Written By Unknown on Kamis, 30 Januari 2014 | 21.48

When Russia's best known political prisoner, Mikhail Khodorkovsky, was released last month from prison after serving almost all of his 10-year sentence, he told reporters "you should not see me as a symbol that there are no more political prisoners left in Russia."

The former oligarch, who was once Russia's richest man — until he ran afoul of the Kremlin and had his sprawling oil and gas company taken over by state businesses —  said he would devote himself to helping free the many other political prisoners still languishing in remote penal colonies.

Watch Defying Putin, directed by Susan Teskey, on CBC TV's Doc Zone, tonight at 8 p.m.

It could be a big task.

The long run-up to the Winter Olympics in Sochi, which begin next week, has seen a widespread crackdown against Vladimir Putin's political opposition, a crackdown that was initiated almost two years ago following the mass street protests against Putin on the eve of his presidential inauguration.

What's more, according to the international organization Human Rights Watch, despite the Kremlin's release in December of some high-profile prisoners, among them Khodorkovsky and two members of the feminist punk group, Pussy Riot, political repression has in fact expanded.

"Many serious problems plague Russia's human rights record" said Tanya Lokshina, Russia program director at Human Rights Watch in Moscow.

Among them, she noted the new anti-gay law, which forbids any public promotion of "non-traditional sexual relationships," and the Kremlin's enforcement of its "foreign agents" law, which targets hundreds of non-governmental groups on suspicion of spying.

RUSSIA-KHODORKOVSKY/SENTENCE

Former oil tycoon Mikhail Khodorkovsky stands in the defendants' cage during a court session in December 2010, when he was sentenced to six additional years for theft and money-laundering. He was amnestied by Putin in December 2013. (Reuters)

An equally effective way of muzzling the political opposition, though, has been the Russian court system which, critics say, has been manipulated to prosecute what some see as fabricated criminal cases.

"When authorities are at war with society, one of the tools used for political purposes is criminal repression," says Alexander Cherkasov, head of the Memorial Human Rights Centre in Moscow.

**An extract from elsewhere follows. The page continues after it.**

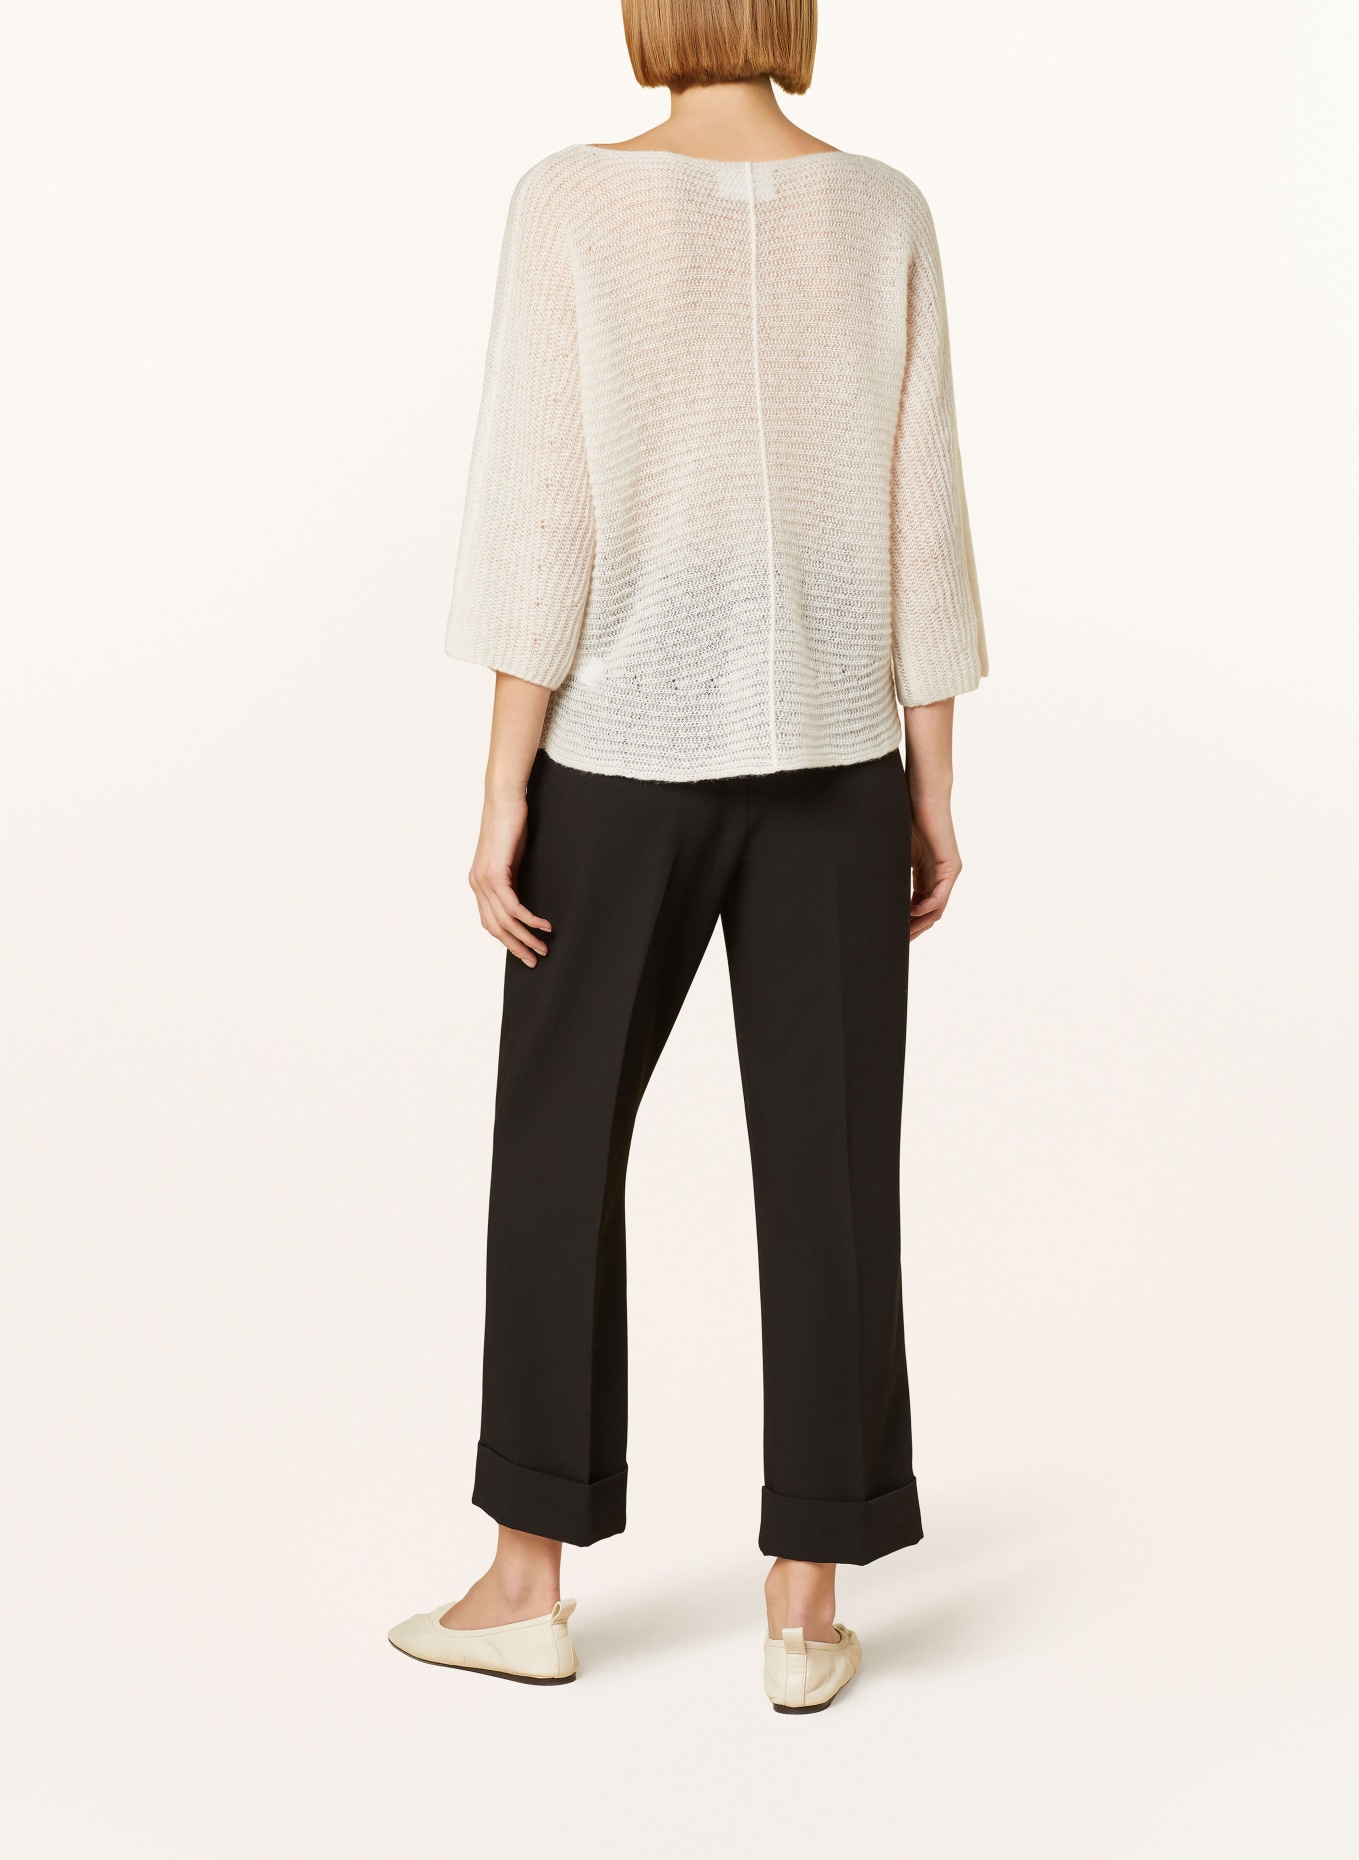 HEMISPHERE Cashmere sweater with 3/4 sleeves, Color: ECRU (Image 3)
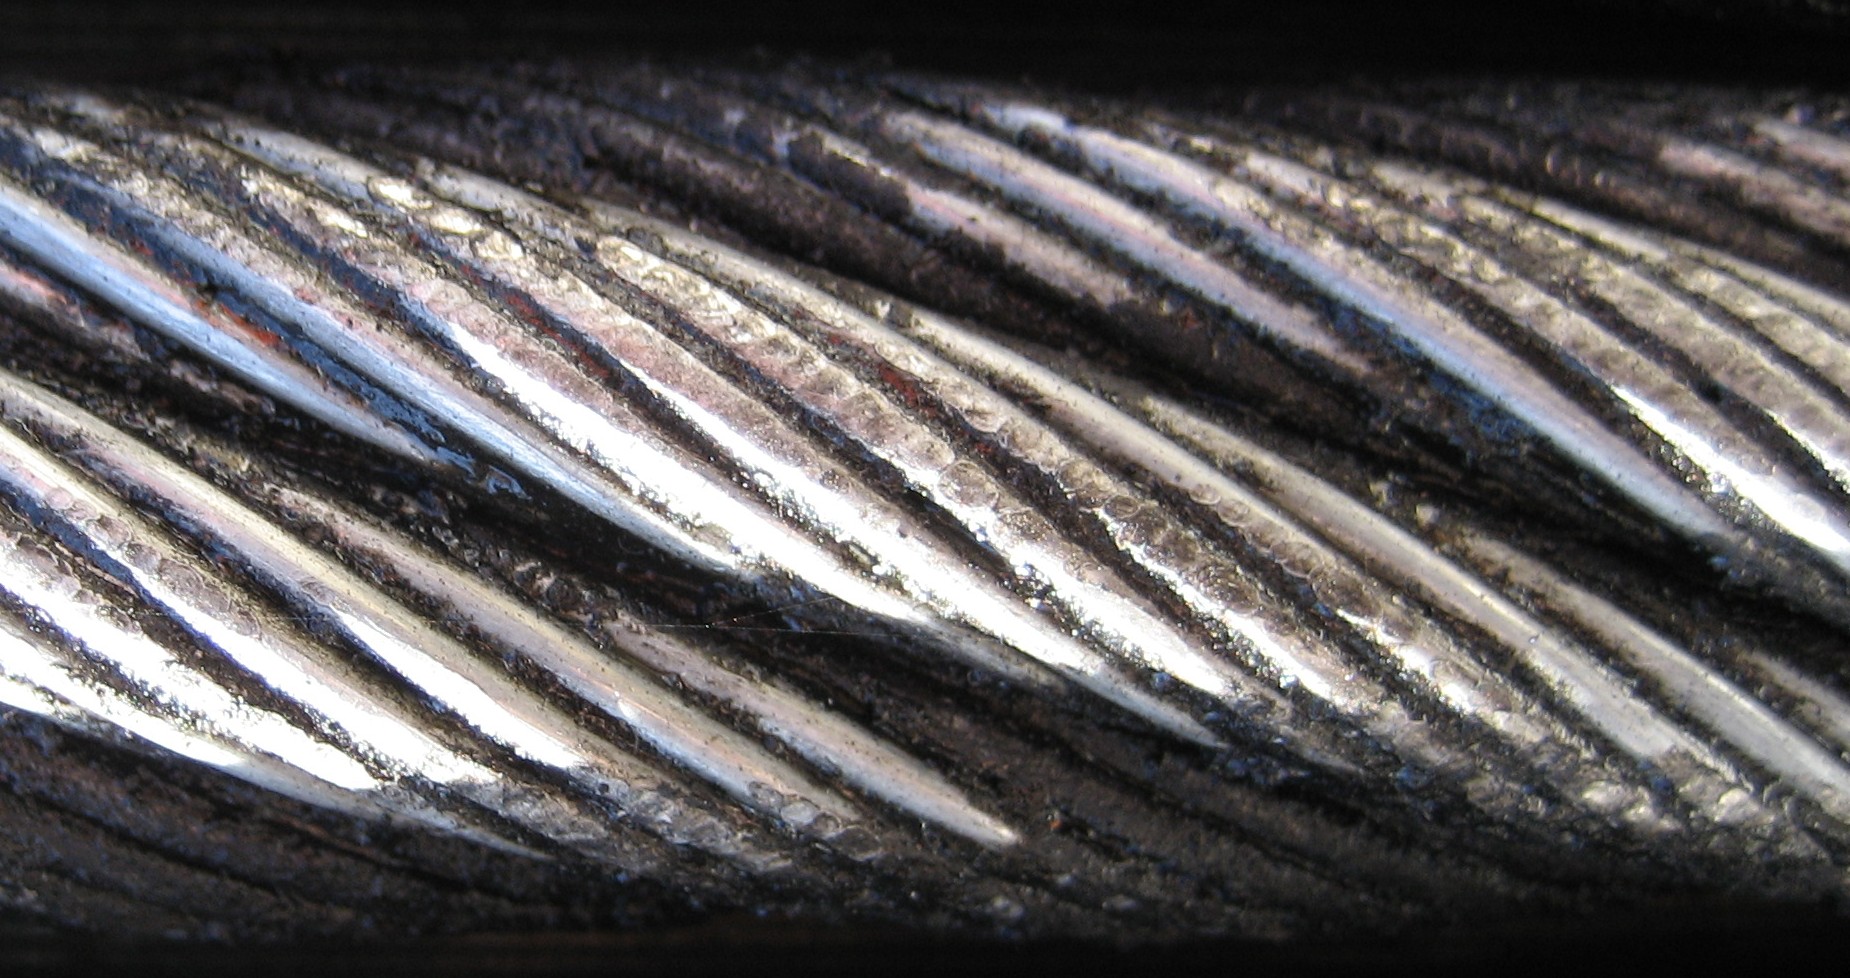 File:Rhll wire rope.jpg - Wikimedia Commons

Memorial which was founded by the physicist and famous dissident, Andrei Sakharov — maintains an ongoing list of people it considers "political prisoners," meaning those arrested largely for taking part in demonstrations or other opposition activities.

There are 41 names on the list at the moment, although Memorial says these are only the scrupulously documented cases, and that the actual number of political prisoners is much higher.

In its report, Human Rights Watch describes how, on the same day that Khodorkovsky was being released and flown to Berlin, a Russian court quietly sentenced Evgeny Vitishko, an activist who chronicled environmental damage in Sochi, to three years in a penal colony.

The Kremlin also used the court system, critics say, to try to silence the irrepressible Alexei Navalny, Russia's best known political activist and a thorn in Putin's side.

The 38-year-old Navalny rose to prominence in 2011 as an outspoken blogger who published articles about government corruption on his independent website.

He then became the face of the opposition movement in the winter of 2011-2012, and famously branded Putin's gang, "the party of crooks and thieves," a slogan that stuck and which may have made the Kremlin determined to crush him.

Perhaps not by coincidence, investigators in the provincial city of Kirov charged Navalny with embezzlement, reviving a five-year-old, discredited investigation. They claimed he stole $500,000 worth of timber when working for the regional government.

Navalny's trial this past summer was all over the international media, who were intrigued by his raw courage and irreverent sense of humour (he tweeted to supporters throughout the court proceedings) in the face of what he routinely claimed were trumped-up charges.

Russia's conviction rate in criminal cases is a staggering 99 per cent, and even Navalny knew he was doomed. Sure enough, the Russian court found him guilty and sentenced him to five years in prison.

As he was being led away to his jail cell, Navalny sent one last irreverent tweet to his supporters: "Don't miss me. Main thing, don't be lazy!"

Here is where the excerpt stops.